I found the source of my idle vibration problem!!! As I had mentioned, there was a chirp sound when the truck was placed in gear, every time it shifted and sometimes over bumps. Once in gear, the truck would vibrate...the hood, the fog lights, the steering column, everything. I have been poking around under the truck looking for the chirp, hoping that the chirp and the vibration would be one in the same.

The big problem is that chirps come in all shapes and sizes and it takes a skilled chirp sleuth (which I am not) to out the offending problem. I checked everything I could see and then finally started on things I couldn't see and had to assume were OK.

There is a spot where the passenger side exhaust pipe connects to the manifold that's directly over the right frame rail. You can't see a darn thing in there but I used a ty-rap as a feeler gauge and saw that I had maybe .040-.050" between the pipe and the rail. I had also developed an exhaust leak at that connection. I hauled up on the stud nuts and since, even with a mirror, I couldn't actually see the clearance, I decided to make more room by shimming the rear transmission mount 3/8 of an inch.

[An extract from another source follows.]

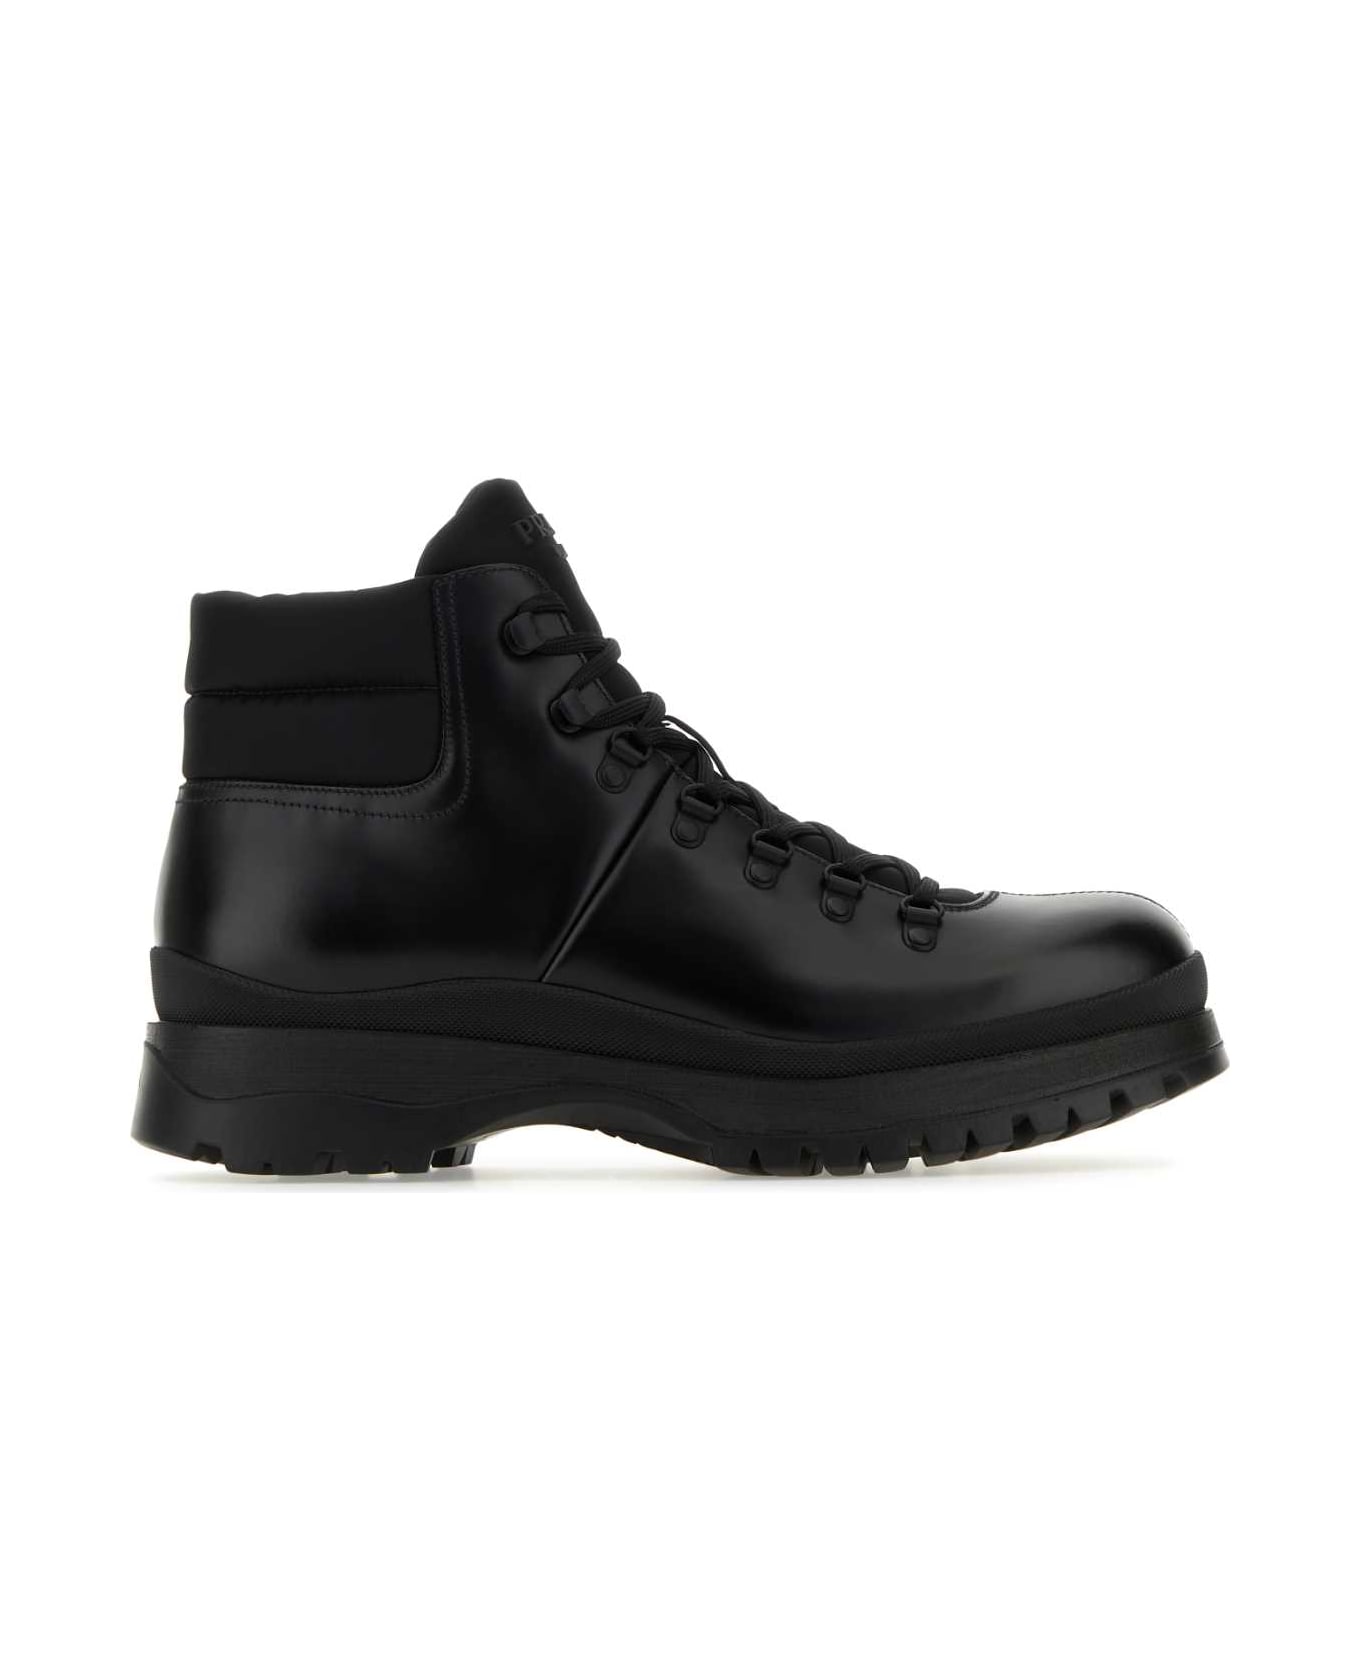 Prada Black Re-nylon And Leather Brixxen Ankle Boots - F0002 ブーツ

I started the truck and put it in gear and voila! It idles pretty much the same in gear as it does in park! No more vibration

I'm still going to try isolating by exhaust system with some new style rubber exhaust hangers to further isolate stuff from the body and frame but so far, so good. The truck is becoming more of a pleasure to drive every day. I still have a rattle in the glove box door to fix, a squeak that I think is associated with the hood latch and somewhat of a clunk on severe bumps that I have to chase down but this was the biggest bullseye I have hit yet!